The expected return to profit growth in fiscal 2019, after six straight years of decline, is underpinned by a confluence of factors. The recovery in the TV advertising market (up 2.5% in fiscal 2018, 3.8% in the June-half) is likely to continue in fiscal 2019, by 2.0% on our forecast. This will coincide with Seven's resurgent TV ratings which achieved a record 41.6% commercial share in the June-half, driving our forecast 39.3% share of the TV advertising market for Seven in fiscal 2019 (up from 38.1% in fiscal 2018). All this will be augmented by continuing benefits of the current cost-out program, one that resulted in an AUD 21 million saving in fiscal 2018 and is projected for a further AUD 10 to 20 million in fiscal 2019.
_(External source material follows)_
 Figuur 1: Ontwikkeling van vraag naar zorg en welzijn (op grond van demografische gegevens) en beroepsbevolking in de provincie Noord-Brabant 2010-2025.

Still, we are not convinced the strength of no-moat-rated Seven's near-term outlook justifies the doubling of its stock price since April this year. The 52% premium at which the shares are trading relative to our AUD 0.70 fair value estimate appears to incorporate anticipation of corporate activity, amidst consolidation currently under way post the recent media reform. Management did little to quell such thinking, trumpeting its desire to deepen a relationship with entities such as News Corporation--a sure-fire way to keep the mergers and acquisitions proponents occupied. We reiterate that our intrinsic assessment is based on Seven as a stand-alone entity, and is predicated on our view of Seven's sustainable, midcycle TV revenue share and margins.
We project midcycle metropolitan TV advertising revenue share for Seven to be 37.5% longer term, with sustainable margin pegged at 16.0%. This is below the 22.7% average EBIT margin achieved over the past eight years, reflecting the continuing impact of structural pressures on the industry from digital and mobile insurgents, as well as the likely re-emergence of cost pressures to slow audience losses to these disruptors.
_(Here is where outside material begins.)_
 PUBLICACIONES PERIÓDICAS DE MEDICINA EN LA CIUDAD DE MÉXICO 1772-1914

Seven's fiscal 2018 normalised net profit after tax, or NPAT, reduced 15% to AUD 143 million. Including one-off impairment charges, redundancy costs, partly offset by gains on asset sales, reported net profit was AUD 135 million. Dividends remain suspended, as restoring balance sheet health continues to take priority. Good progress was made on that front, with debt falling by AUD 76 million in the June-half to AUD 635 million and net debt/EBITDA down to 2.3 times (from 2.4 times a year ago). We see management's target leverage of below 2.0 times in fiscal 2019 as achievable, with our forecast showing 1.9 times.
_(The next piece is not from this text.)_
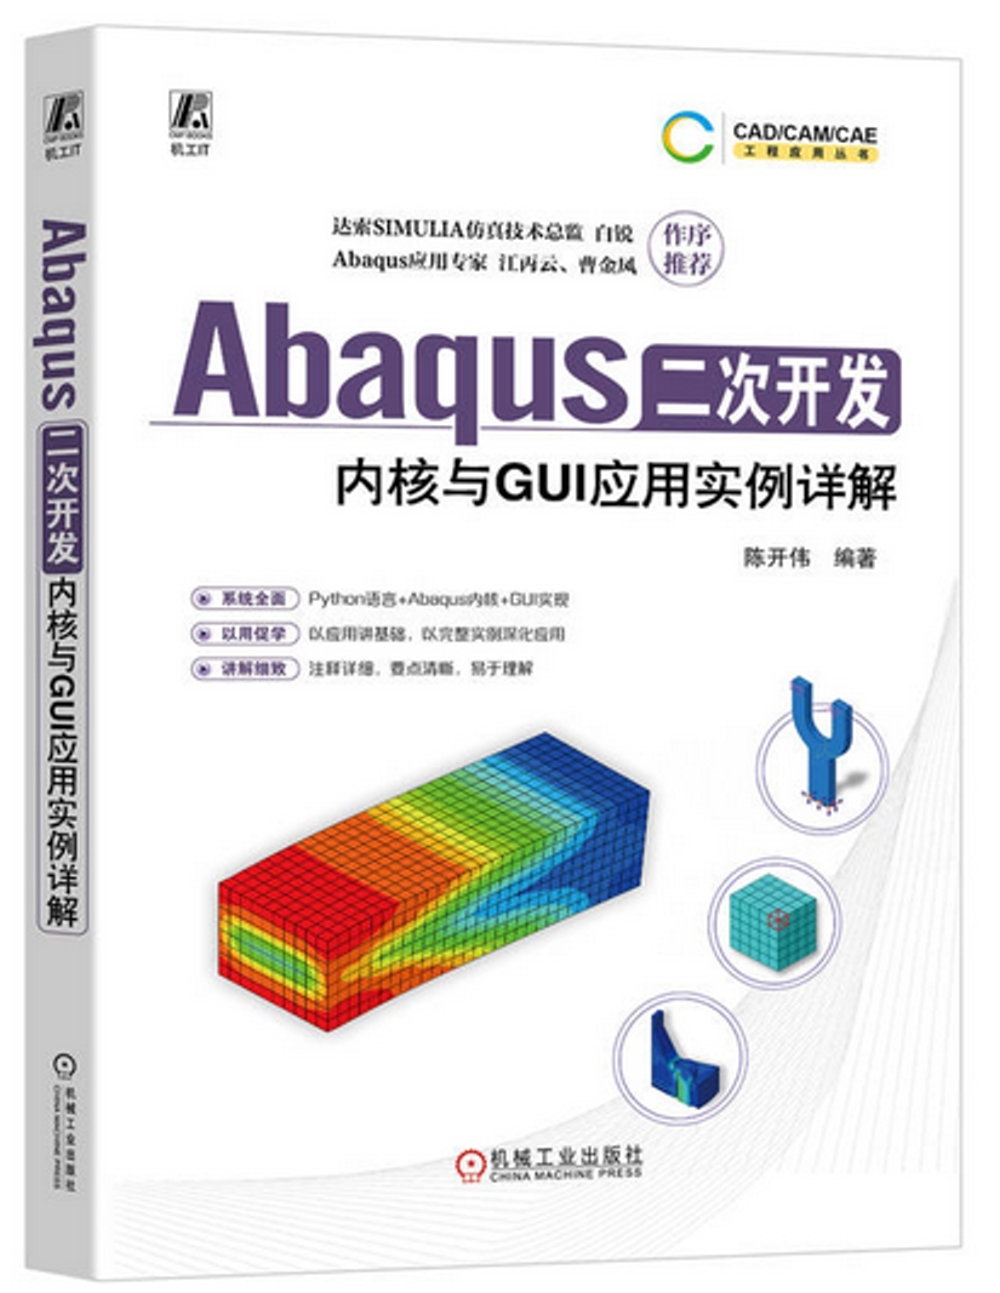 Abaqus二次開發：內核與GUI應用實例詳解

Divisionally, TV EBIT fell 14% to AUD 216 million, slightly below our AUD 220 million estimate. This was driven by the well-documented ratings struggles which led to a fall in TV market revenue share to 38.1%, from 40.2% a year ago. However, strong recovery was evident in the second half, with ratings share reaching an all-time industry record of 41.6% (from 39.4% a year ago). While this was boosted by both the Winter Olympics and Commonwealth Games telecasts, Seven fully leveraged the promotional platforms that these events provided, kickstarting the ratings recovery. In fact, excluding the Commonwealth Games, Seven ratings share still averaged around 40%, setting a strong foundation for monetisation in fiscal 2019. The schedule will be further boosted by the recently-signed cricket rights, furnishing Seven with a premium all-year-round sports content (summer cricket, winter Australian Football League).
Newspaper EBIT fell 19% to AUD 21 million, above our AUD 19 million forecast, driven mostly by better-than-expected cost reduction. Magazine EBIT jumped to AUD 10 million, from AUD 4 million a year ago. This was the first increase in recent memory, mainly aided by significant cost savings from recent restructuring.